Instagram makes me feel like a farce
Dear Remy,
Do you think it's possible to be famous these days without being chronically online?
I love being a singer-songwriter, but social media makes me feel guilty. I have a social media manager who responds to fans with my “voice”, but it's not me: it's a digital ghost. People think I'm replying, but it's actually a 20-year-old who manages five other accounts. I feel fake.
The irony? My next album is about being true to yourself. How can I say this when I am not sincere in even my smallest interactions? Is this really the case now or could there be another way?
Your,
Connected and contrite
Dear connected and contrite,
Social media has certainly changed the way we connect with the public. It's difficult to reconcile the pressure of being available 24/7 with the desire to remain authentic. But here's a thought: Do you need to respond to every comment for your art to be meaningful?
You can interact with your fans without being chained to your phone. Focus on moments that feel genuine, whether through carefully curated responses or occasional direct interactions. You don't need to respond to every message to present yourself authentically. And mastering the perfect emoji won't help you write better songs.
The key is balance. Your fans follow you for your music, not your comments section.

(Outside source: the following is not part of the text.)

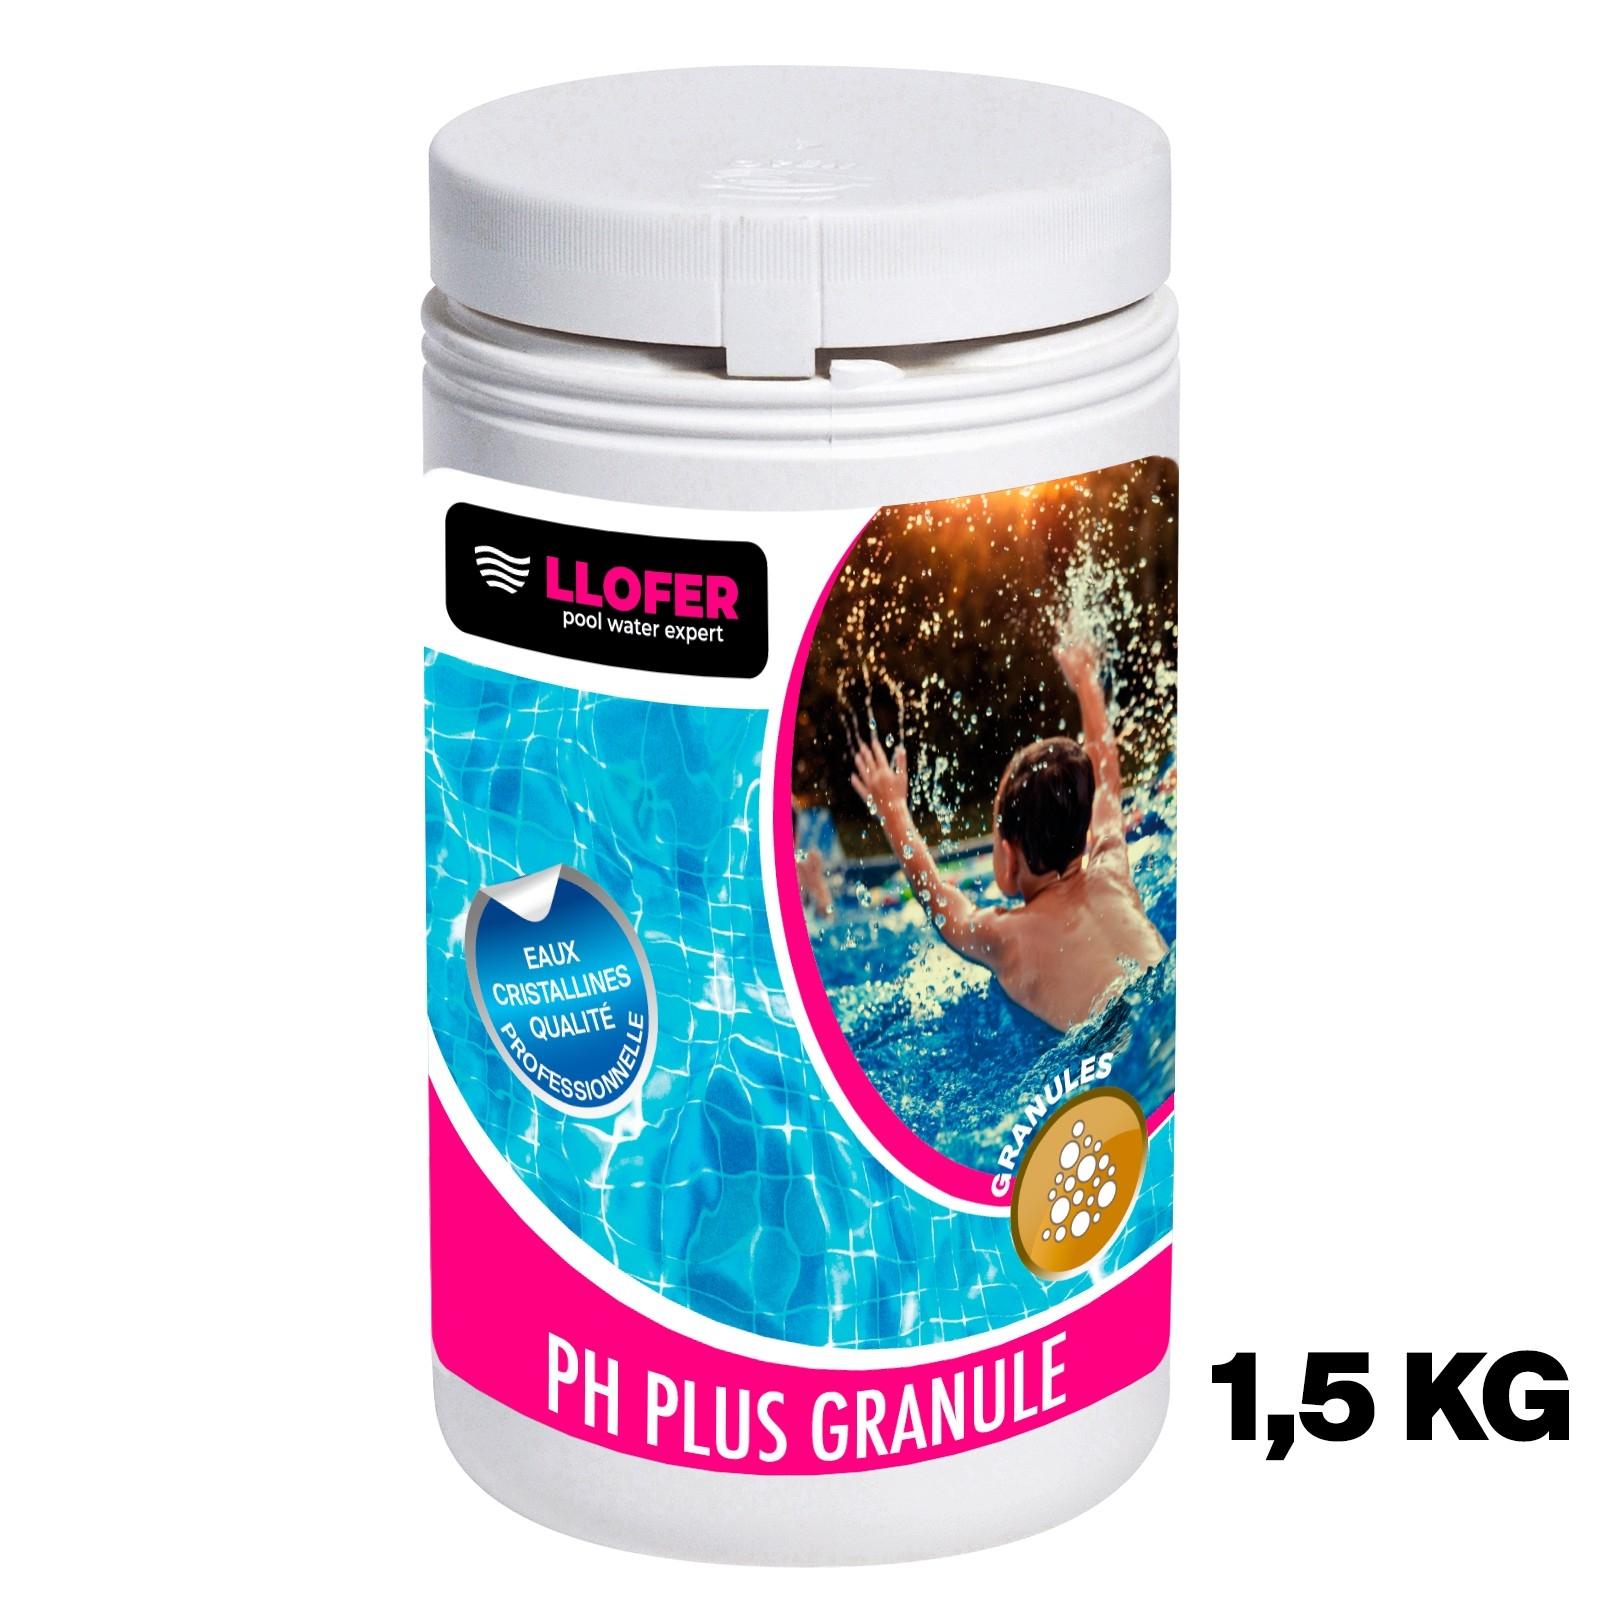 1,5KG PH PLUS GRANULE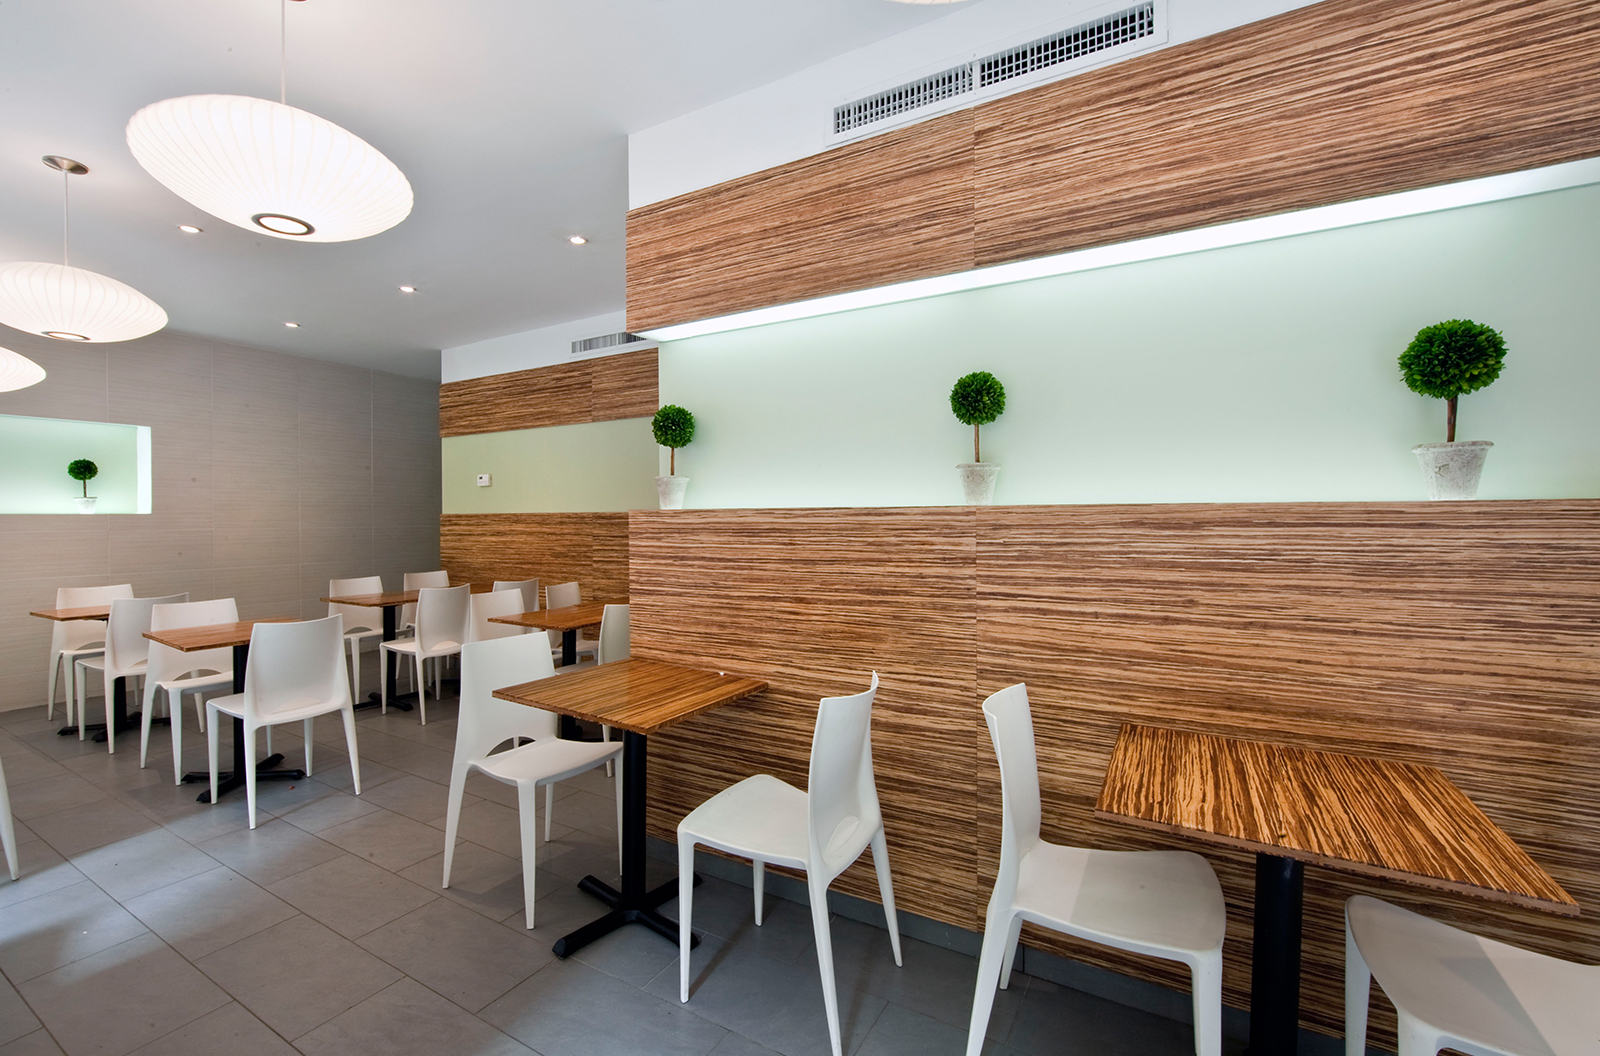 Calista Mandarina Studio NYC Healthy Food restaurant Design_3.jpg

Stay true to the message of your album and make sure your online presence feels like an extension of it, rather than a contradiction.
Be as real as your lyrics and leave the 24/7 presence to the bots,
Remy
Help! I can't stop saying “Yes”!
Dear Remy,
I'm on a major television show that focuses on improvisation, and first of all, I feel very lucky to have this job. All my brothers work in real estate, so I consider myself lucky to have never had to sell an apartment with dry rot and a bathtub that doubles as a reading nook.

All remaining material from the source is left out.